Friday, June 15, 2007

Found Dr. Jolly...



and he was pretty cool...he last worked at MD Anderson so he's very very familiar with cancer patients, and considers me one even though *I* don't consider myself one. I just feel like I had it so much easier than most...but I digress.

He gave me a script for a new muscle relaxer to try...he was going to prescribe some more pain killers too but I told him I still had plenty left over and didn't want any more in my house until those are gone. I have kids, including a pre-teen and new teen who I don't want to be tempted, no matter how well we're trying to raise them. And honestly, who needs more pain pills when they already have Vicadin, Dilaudid, Morphine, Percoset, Darvocet, Lortab, Talacen, and something else I'm forgetting at the moment. Almost all the bottles are full too, except the Talacen and the Darvocet...those work fairly well so I've used them more than the others...but still, they're over a year old and I haven't used them all yet, nowhere close, so I don't need any more.

They scheduled me for outpatient "surgery" on the 27th...I don't have the name of the procedure in front of me, but he's had some success with it...he'll go in with big-ass needles on each side of my spine and go to the nerve clusters and anesthetize them. There's a more radical way, to use alcohol to burn the nerves, but he said the alcohol isn't selective and could cause other damage, and since I'm in remission, he wants to try the other way first. This is the first step.

The muscle spasms concern him because its something he's never personally seen in the abdomen...and thank you Lord, but one happened while I was there...I yanked my shirt up (after doubling over) and said "LOOK" and he could see my whole abdomen hardening and spasming while I sat there wriggling around and crying. So, there's definite proof that I'm not overreacting and exaggerating. They also checked my blood pressure after it happened and it'd gone through the roof. He said he'll have to do some more research on the spasms, and options we can try.

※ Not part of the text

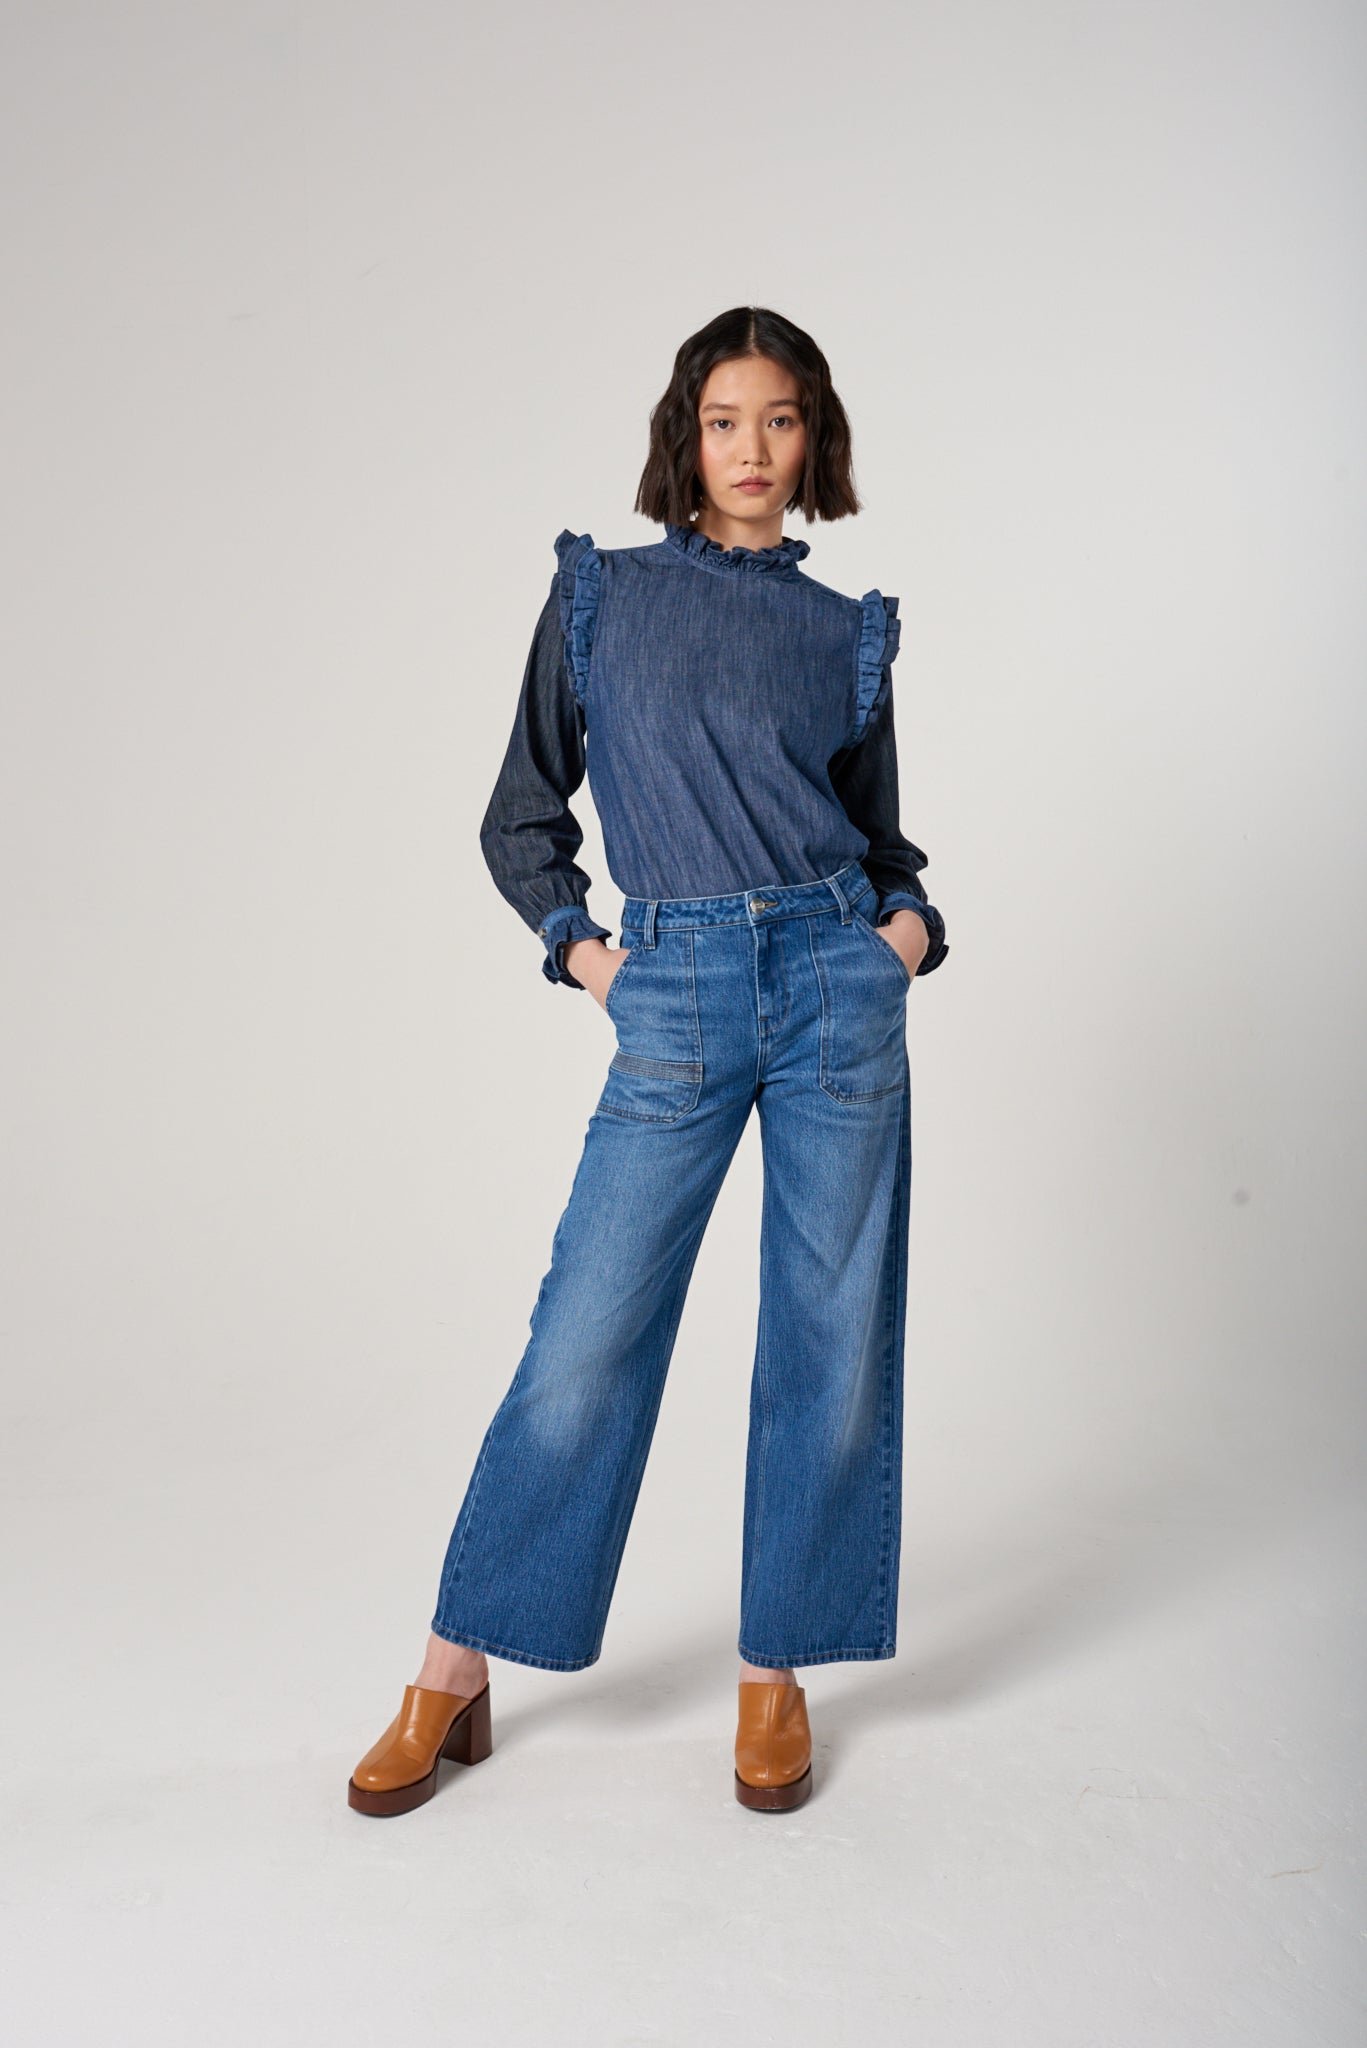 Elodie Full Length Jean in Desert Vintage Americana

So...I did feel encouraged...I'm impressed with his medical background, and I liked HIM, as did Justin. Justin also tried to get him to say I couldn't work anymore, and the doctor said just reading the post-operative reports in the system on me and looking at my CT scans and reports, he would be willing to do so, but that he didn't think I wanted that...and I don't. SSI would be nice, but I do NOT want to be...disabled. I feel like I'm probably in more pain because I AM so active with work and all, but I also feel like I'm stronger now than I would be if I were sitting at home feeling sorry for myself. And I WOULD feel sorry for myself if I were here day after day.

Anyway...sorry to ramble. I took one of the new pills just to see how its going to affect me...something called zanaflex. He wants me to take it 3 times a day if it doesn't prevent me from driving or working, but until I see if its going to make me groggy or not (all the labels say it will) I don't want to risk it.

Yes, I'm afraid to take pain pills. That's another story in and of itself. I will take them if I have to, but I hate doing it.

1 comment:

carrie said...

Praying for you Kandy girl...Totally praying for you!